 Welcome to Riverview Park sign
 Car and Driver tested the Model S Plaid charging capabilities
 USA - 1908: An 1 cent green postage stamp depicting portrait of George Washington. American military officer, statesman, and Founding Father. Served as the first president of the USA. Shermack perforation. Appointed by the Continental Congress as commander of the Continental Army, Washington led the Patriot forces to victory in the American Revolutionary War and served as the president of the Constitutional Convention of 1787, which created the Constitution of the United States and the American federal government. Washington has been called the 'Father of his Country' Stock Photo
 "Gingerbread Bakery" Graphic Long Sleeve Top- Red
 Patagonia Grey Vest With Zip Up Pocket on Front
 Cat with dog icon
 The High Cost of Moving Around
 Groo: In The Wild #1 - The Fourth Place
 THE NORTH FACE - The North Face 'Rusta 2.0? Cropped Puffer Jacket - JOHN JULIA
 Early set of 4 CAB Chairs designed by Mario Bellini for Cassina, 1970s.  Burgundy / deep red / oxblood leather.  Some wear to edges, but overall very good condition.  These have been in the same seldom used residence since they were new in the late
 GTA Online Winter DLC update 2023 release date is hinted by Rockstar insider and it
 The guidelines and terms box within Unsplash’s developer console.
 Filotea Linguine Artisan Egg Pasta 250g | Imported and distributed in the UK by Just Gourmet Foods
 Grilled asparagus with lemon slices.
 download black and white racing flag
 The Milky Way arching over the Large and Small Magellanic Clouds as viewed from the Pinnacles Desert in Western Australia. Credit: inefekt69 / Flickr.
+ + + +
— EXERCISE DESCRIPTION —
Please count the lines in the records that contain "been" and reply with the count alone.

— ANSWER —
2